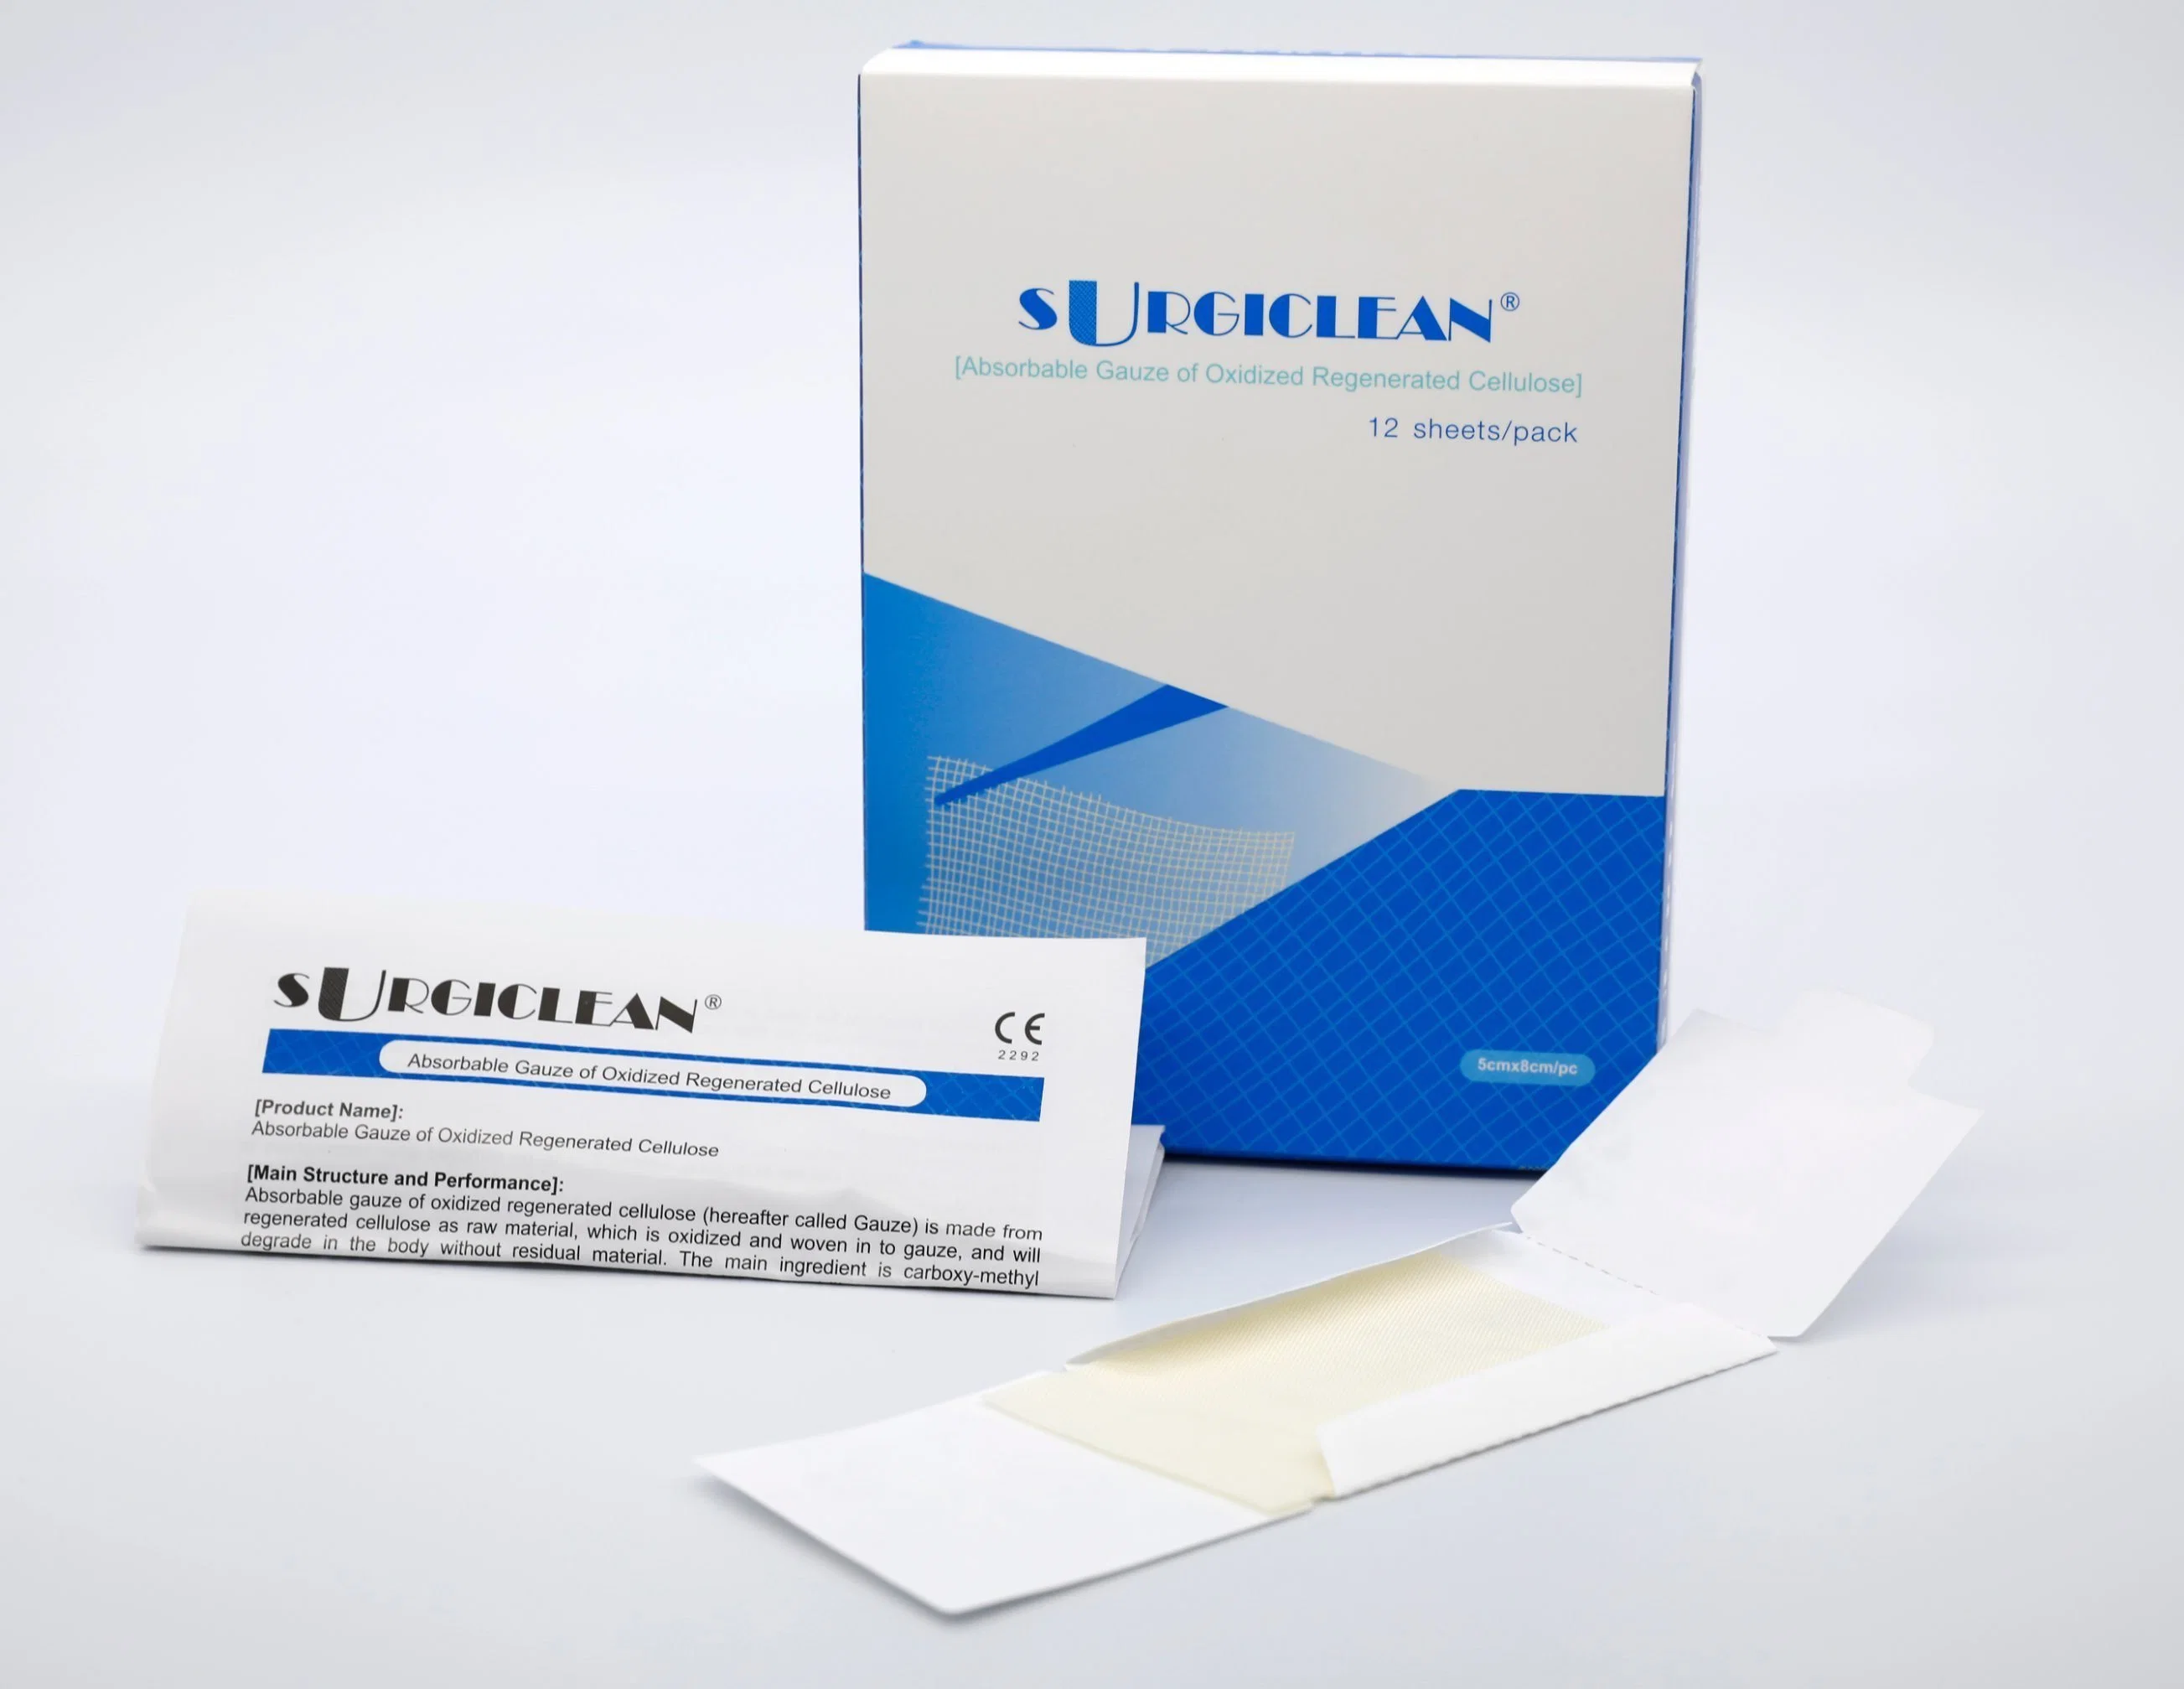 Regenerated Cellulose Surgical Supplies Materials Burn Wound Care Hemostatic Absorbable Gauze
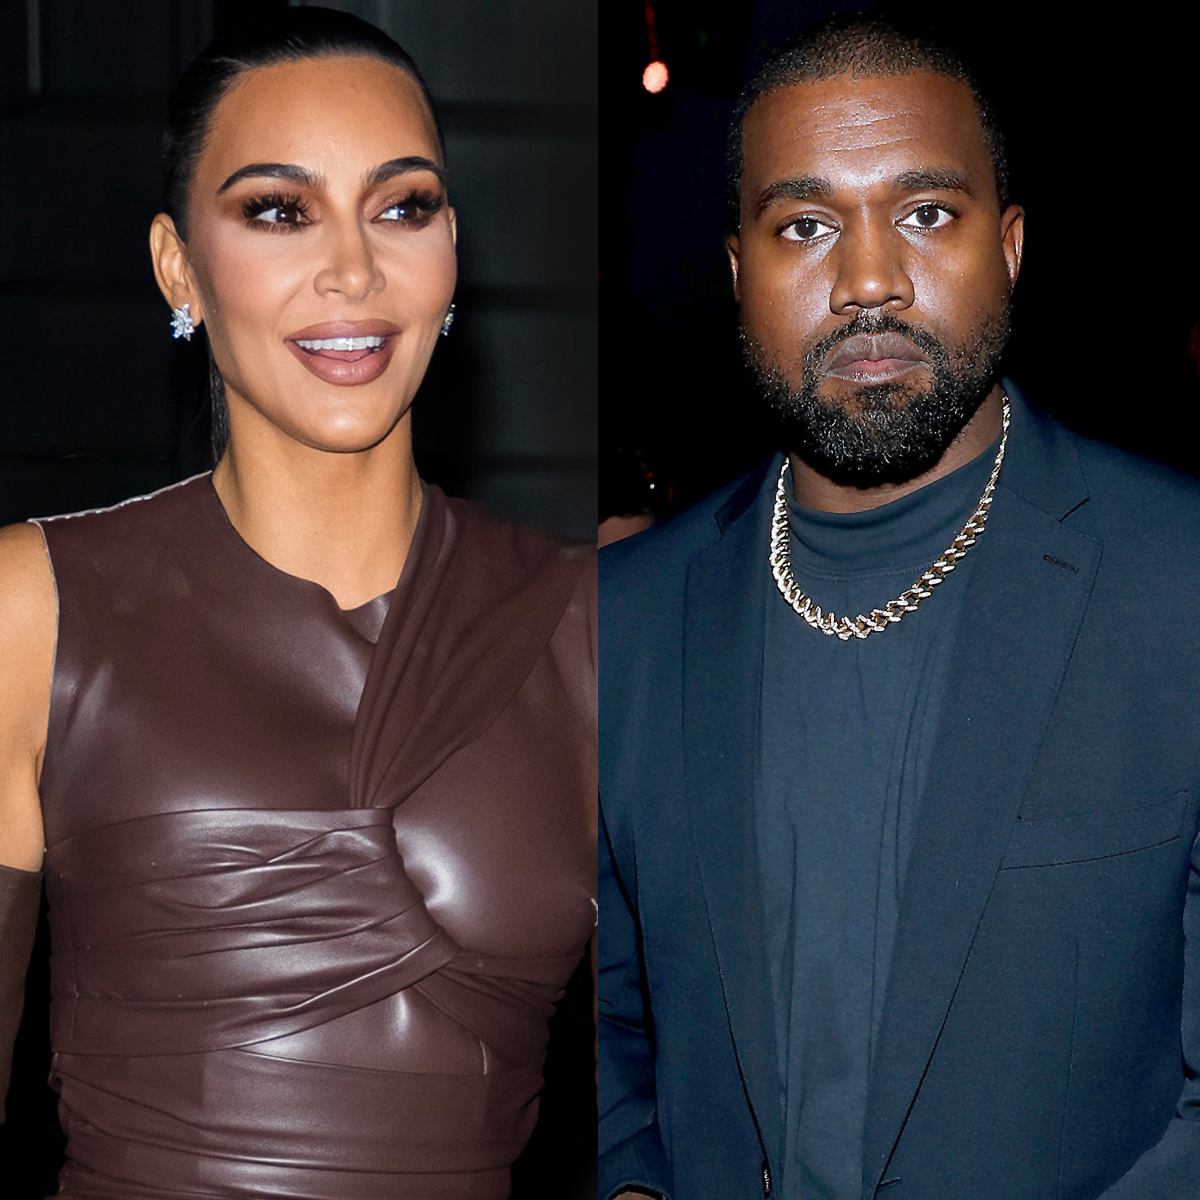 Why Kim Kardashian Knew Filing for Divorce “Had to Be Done”
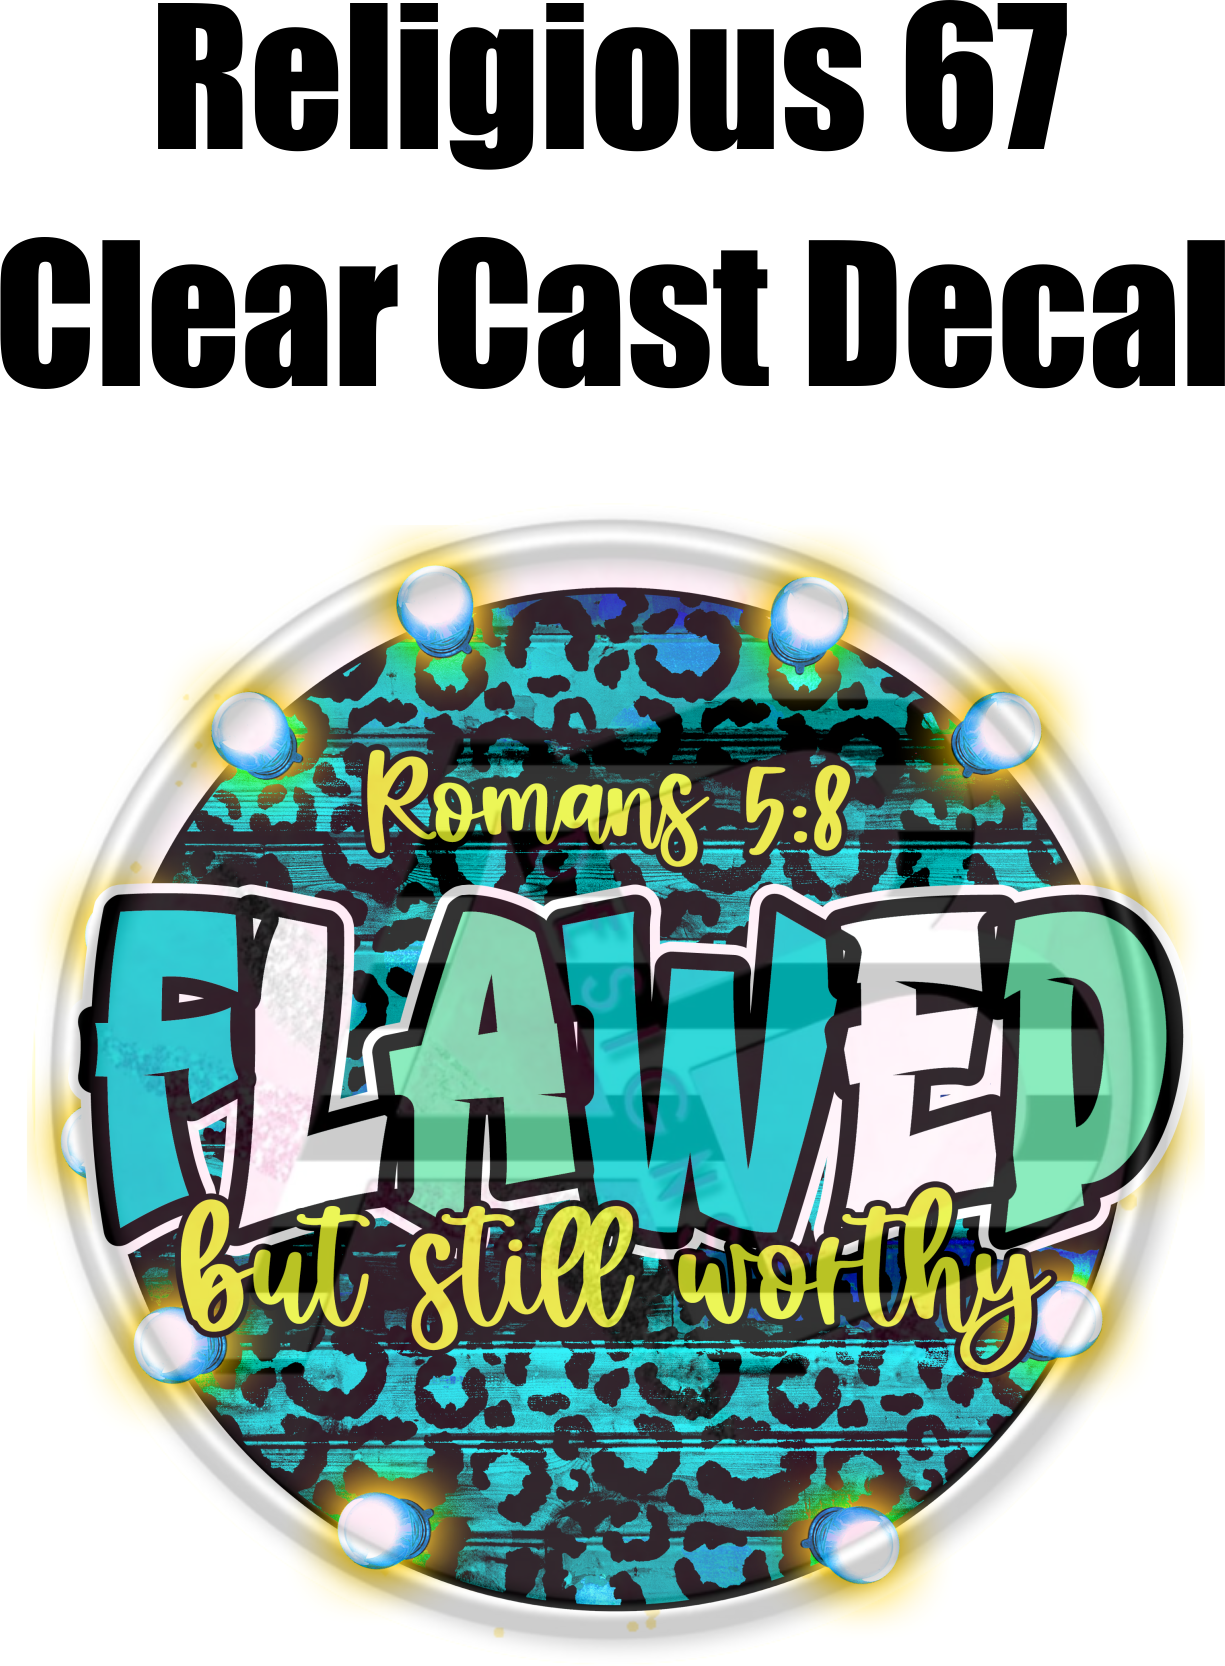 Religious 67 - Clear Cast Decal - 75
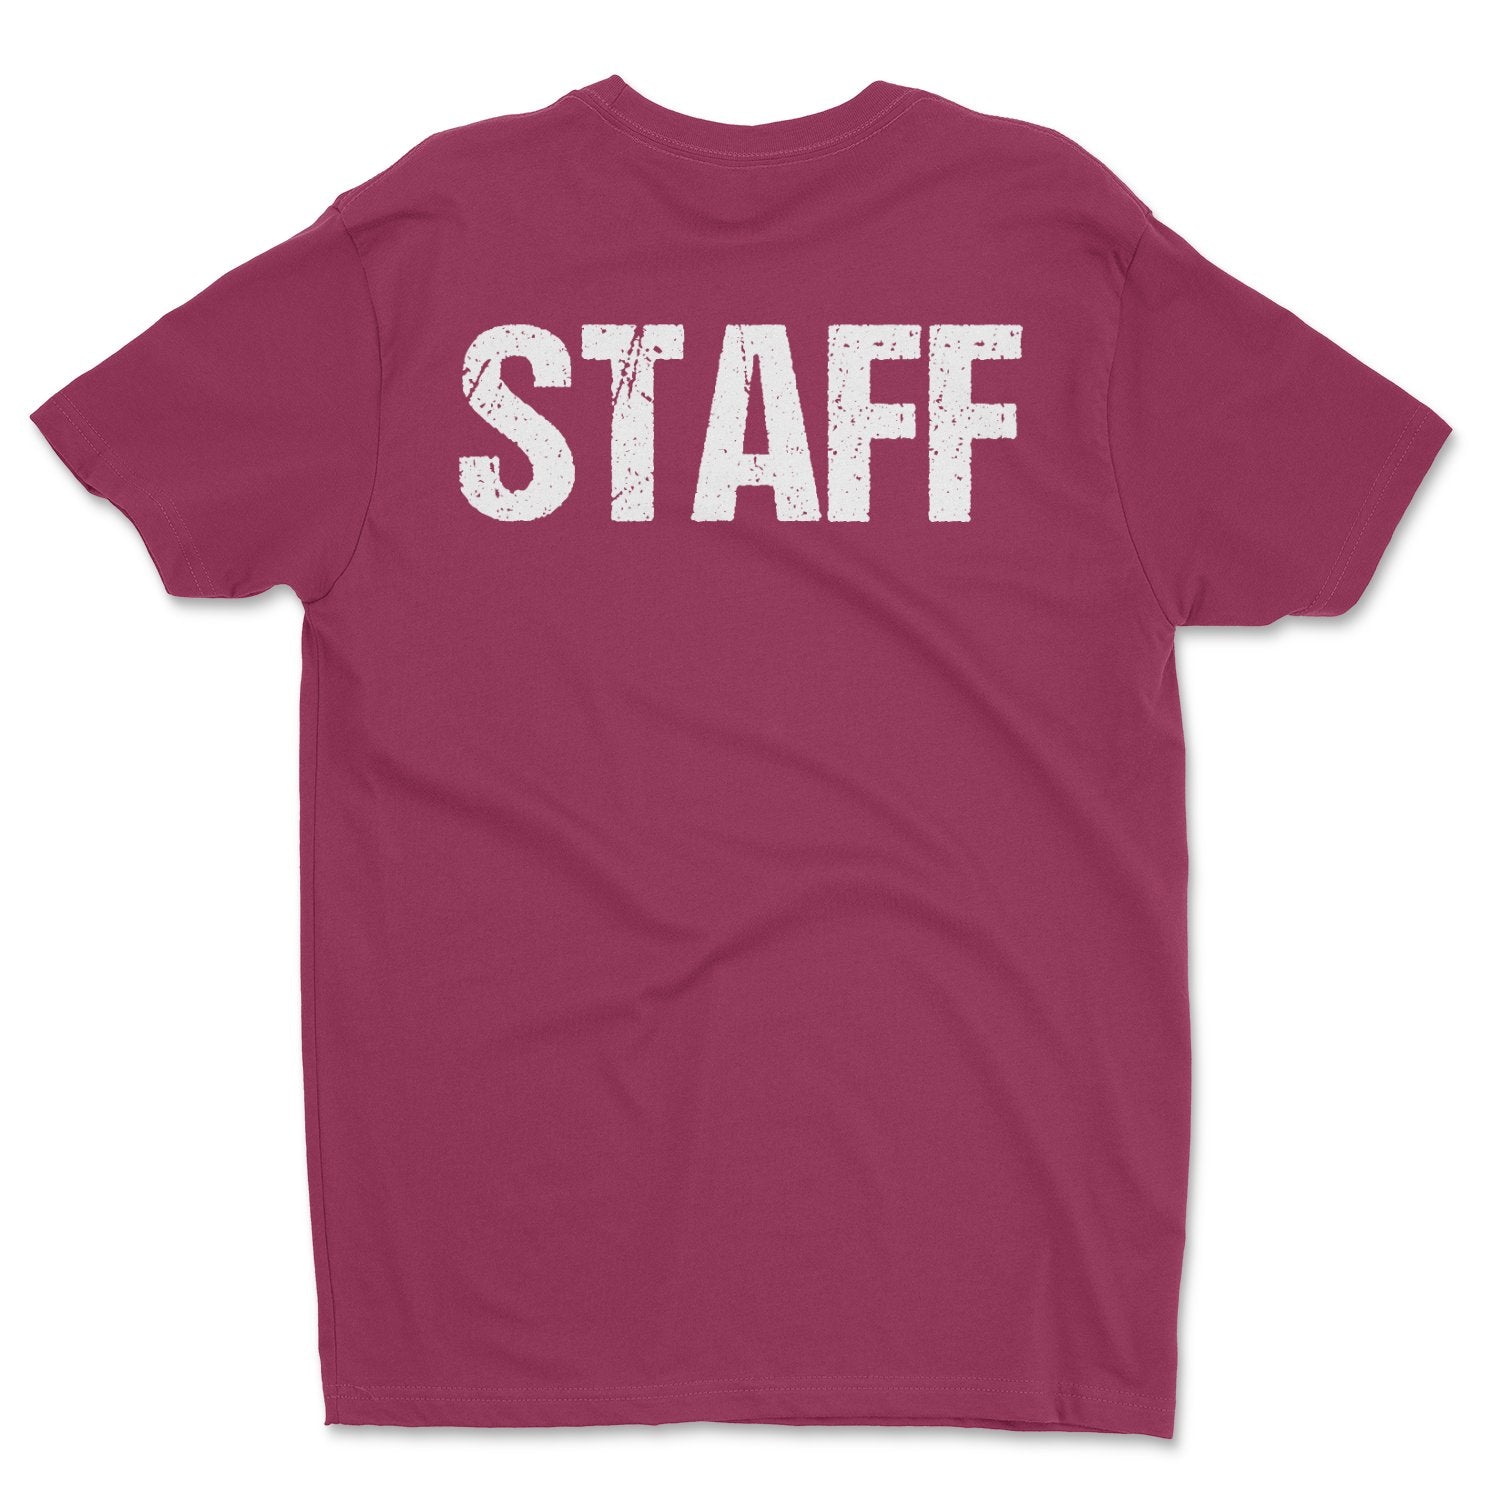 Staff T-Shirt Screen Printed Front & Back Men's Unisex Style (Maroon/White, Distressed)

### To do
Exactly the lines from the line with "Religious 67 - Clear Cast Decal - 75" through the end of the data are to be reproduced, and no picture is to be included.

### Result of the task
 Religious 67 - Clear Cast Decal - 75
 Staff T-Shirt Screen Printed Front & Back Men's Unisex Style (Maroon/White, Distressed)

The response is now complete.